Doch zurück zu den 21 Reuschle-Verfahren. In der Kammer, die über die Befangenheitsanträge der Daimler-Anwälte entscheiden sollte, saß ein Jurist, der vor seiner Zeit als Richter für die Kanzlei Gleiss Lutz tätig war, die Daimler aktuell in einigen der Reuschle-Verfahren vertritt. Der daraufhin von der Kanzlei Dr. Stoll & Sauer gestellte Befangenheitsantrag gegen diesen Richter ist in erster Instanz mit einer unglaublichen Begründung abgelehnt worden. Die Verbraucher-Kanzlei hat dabei den Eindruck gewonnen, dass am Landgericht Stuttgart eine Nähe zwischen Richtern und Lobbyisten-Kanzlei gewachsen ist, die über das hinausgeht, was ein Rechtsstaat ertragen kann. Wörtlich heißt es: „Bei der Größe des Konzerns und der Kanzlei, der gemeinsamen juristischen Ausbildung von Richtern und Anwälten, der gewünschten „Durchlässigkeit" der Berufszweige und der erforderlichen Zusammenarbeit der Organe der Rechtspflege sind persönliche Kontakte aller Richter des Landgerichts Stuttgart zu Mitarbeitern der Beklagten auf privater Ebene und zu Anwälten aus der Kanzlei Gleiss Lutz auf professioneller Ebene eher die Regel als die zu einer Befangenheit führende Ausnahme.“
Sorge um die Unabhängigkeit der Justiz wächst weiter an
Der Justiz-Skandal in Stuttgart passt sich nahtlos in eine ganze Reihe von Ungereimtheiten rund um den Diesel-Abgasskandal. Der Eindruck, dass sich Lobbyisten nicht nur in der Politik, sondern auch in der Justiz breitmachen, ist kaum noch von der Hand zu weisen. Die Kanzlei Dr. Stoll & Sauer fasst einige Beispiele zusammen, die die Befürchtungen leider unterstreichen.

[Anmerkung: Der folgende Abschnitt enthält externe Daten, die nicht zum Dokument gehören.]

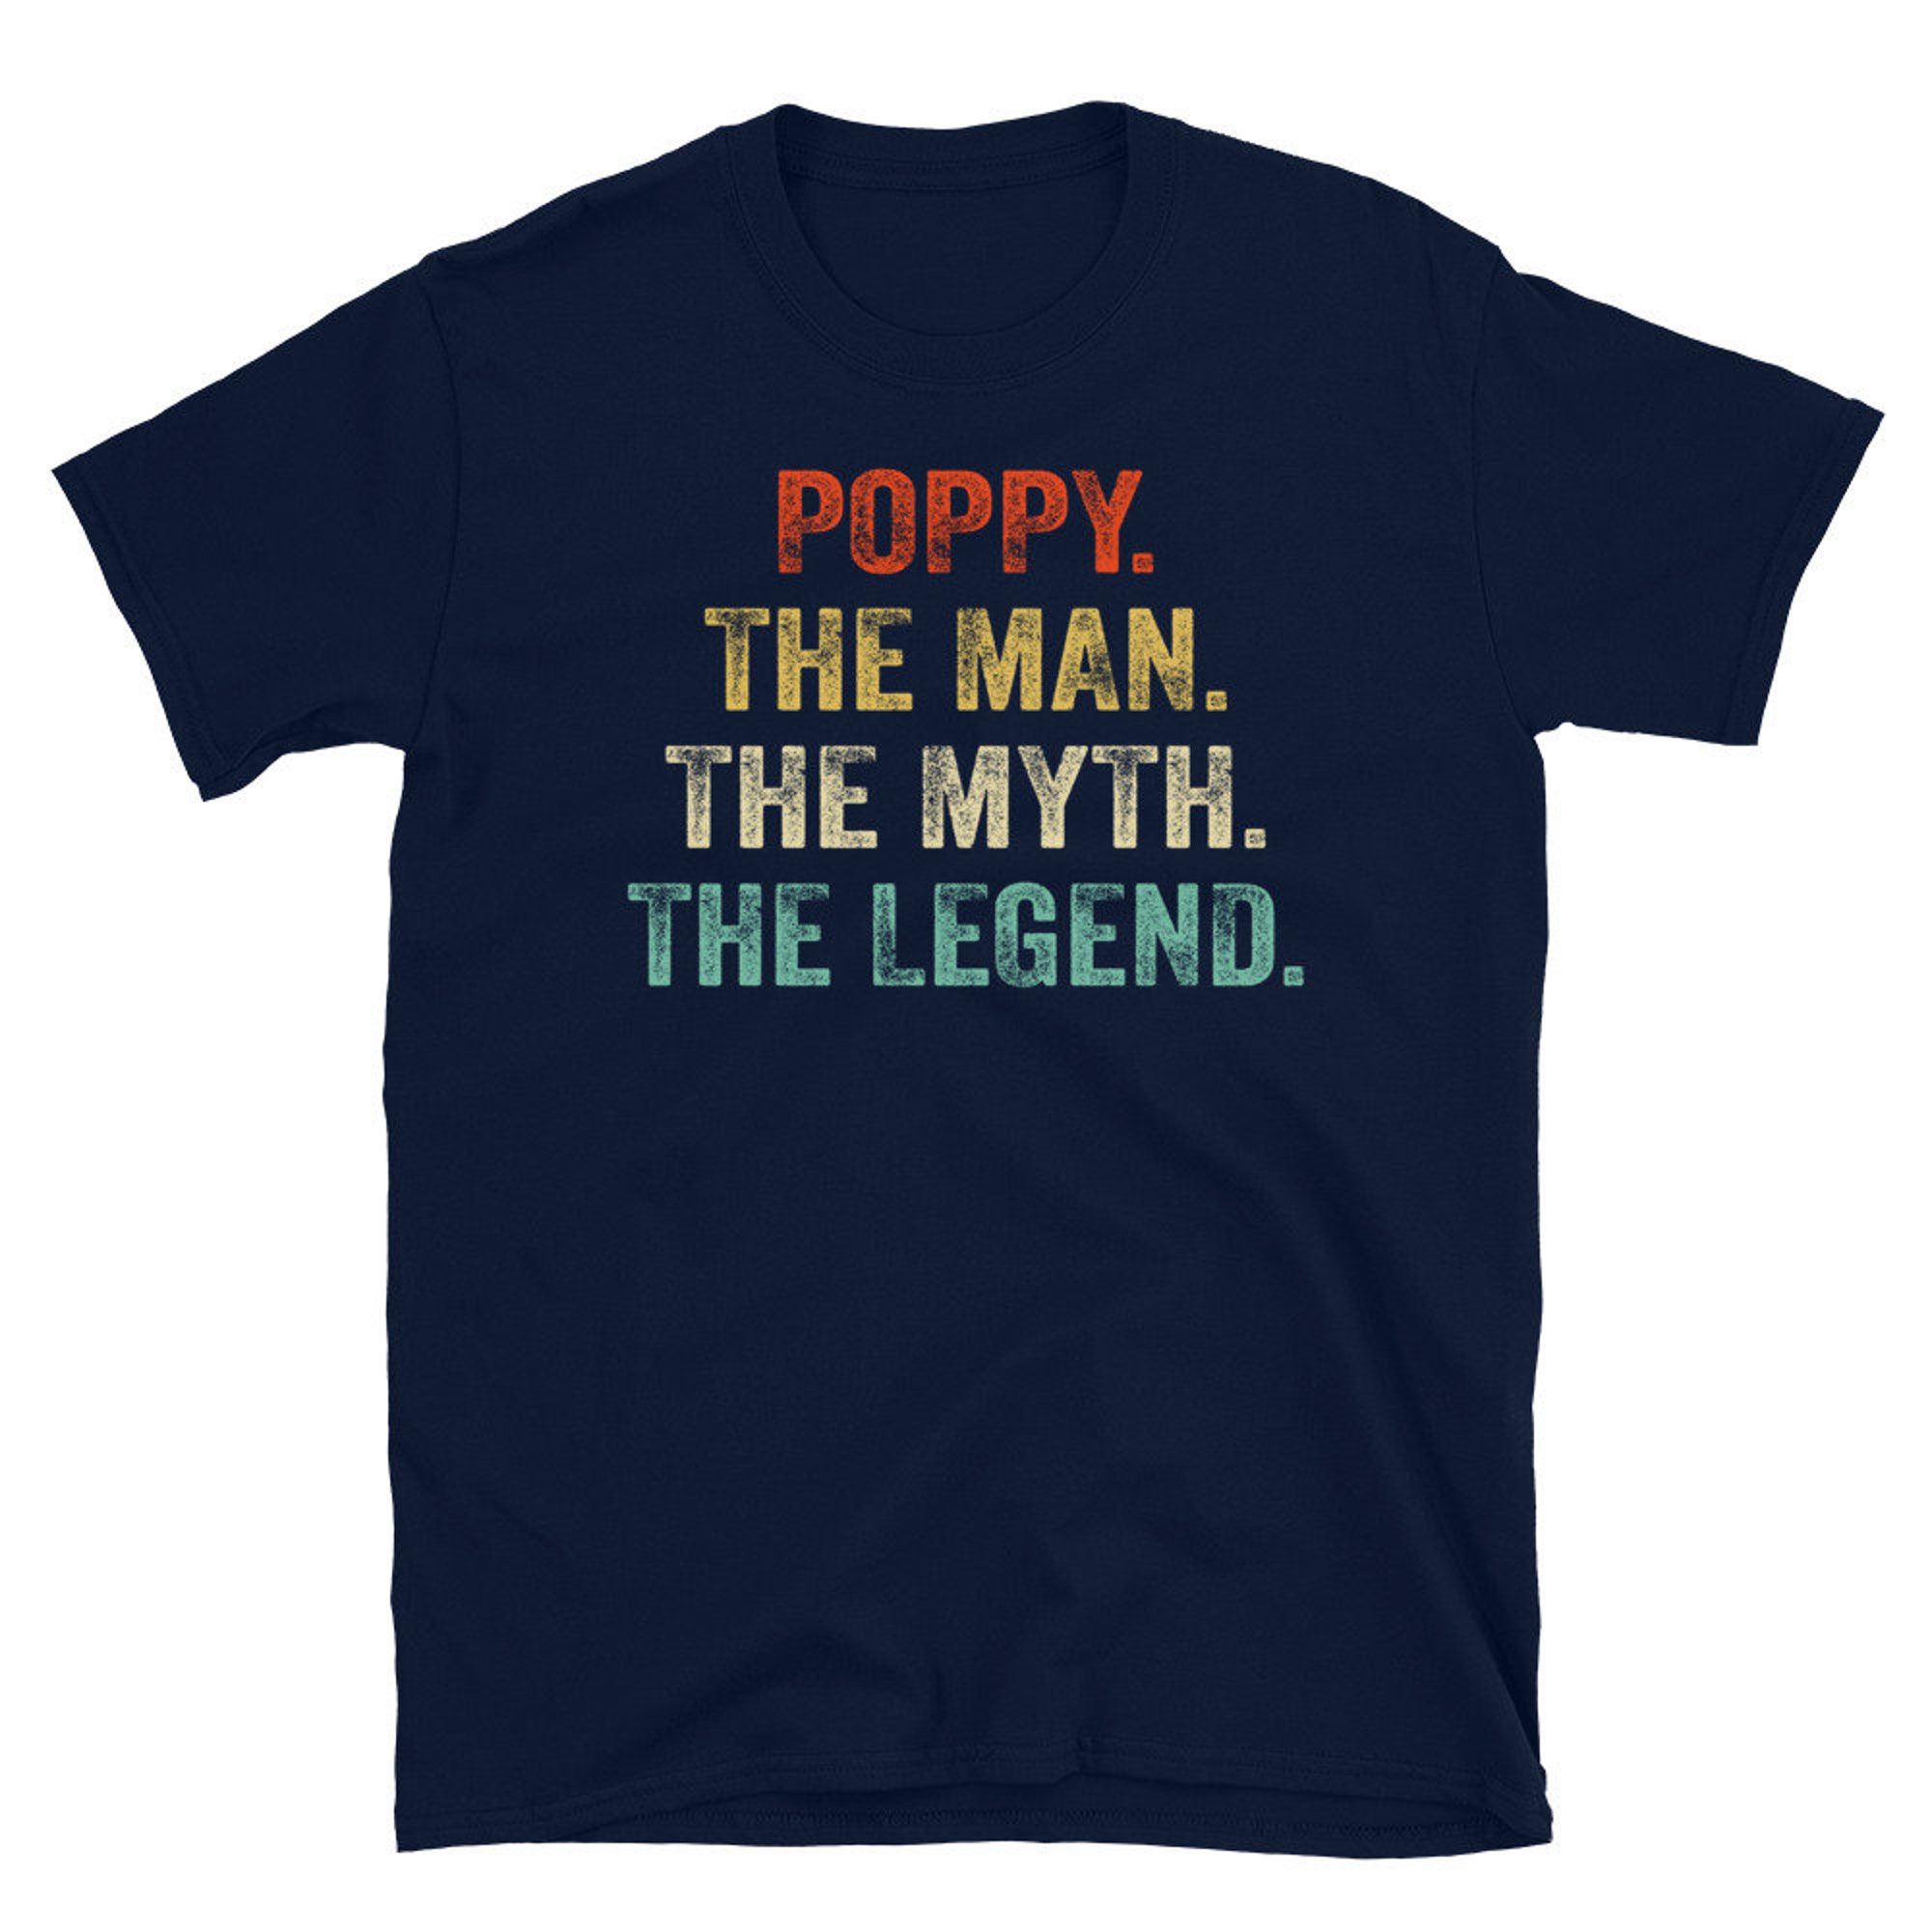 Discover Poppy T Shirt, Poppy Funny TShirt, Customized Shirt The Man The Myth The Legend, Papa Tees, Fathers Day Shirt 2022 Gift Personalized Shirt

- Der Fall Häfner: Der Präsident des Oberlandesgerichts Dresden Gilbert Häfner hat am 9. April 2020 in einem Schreiben seinen Behördenkollegen der zweiten Instanz empfohlen, VW-Verfahren „zurückzustellen“ und Kanzleien, die versuchen, Verbrauchern zu ihrem Recht zu verhelfen, indirekt kritisiert. Auch rät er dazu, eine ablehnende Haltung gegenüber einer „Chance der vollen Rückzahlung des Kaufpreises ohne jeden Abzug für eine – auch jahrelange – Nutzung des Fahrzeugs“ deutlich zum Ausdruck zu bringen. Gerade der Hinweis auf das Nutzungsentgelt zeugt nicht von Unabhängigkeit. Hier denkt Häfner eher an das Wohl von VW-Aktionären, Vorständen und Aufsichtsräten.
Im Übrigen spielt es keine Rolle, dass das Schreiben Häfners im Vorfeld des ersten VW-Verfahrens vor dem BGH verschickt wurde. Natürlich türmen sich die Verfahren gegen VW an deutschen Gerichten. Natürlich warteten alle Instanzen auf eine erste Entscheidung. Der BGH ächzt unter einer Flut von Revisionen. Aber die Klagen werden nicht aus Jux und Tollerei eingereicht, sondern weil Verbraucher betrogen worden sind. Hier steht der Rechtsstaat beim Bürger in der Pflicht – und zwar zu handeln und nicht zu warten. Für die Kanzlei Dr. Stoll & Sauer Rechtsanwaltsgesellschaft mbH ist das Schreiben von Häfner völlig inakzeptabel. Die Kanzlei lehnt daher alle Richter am OLG Dresden in Diesel-Verfahren wegen der Besorgnis der Befangenheit ab. Der entsprechende Antrag ging am 26. Juni 2020 ans OLG (Az. 9 U 2390/19).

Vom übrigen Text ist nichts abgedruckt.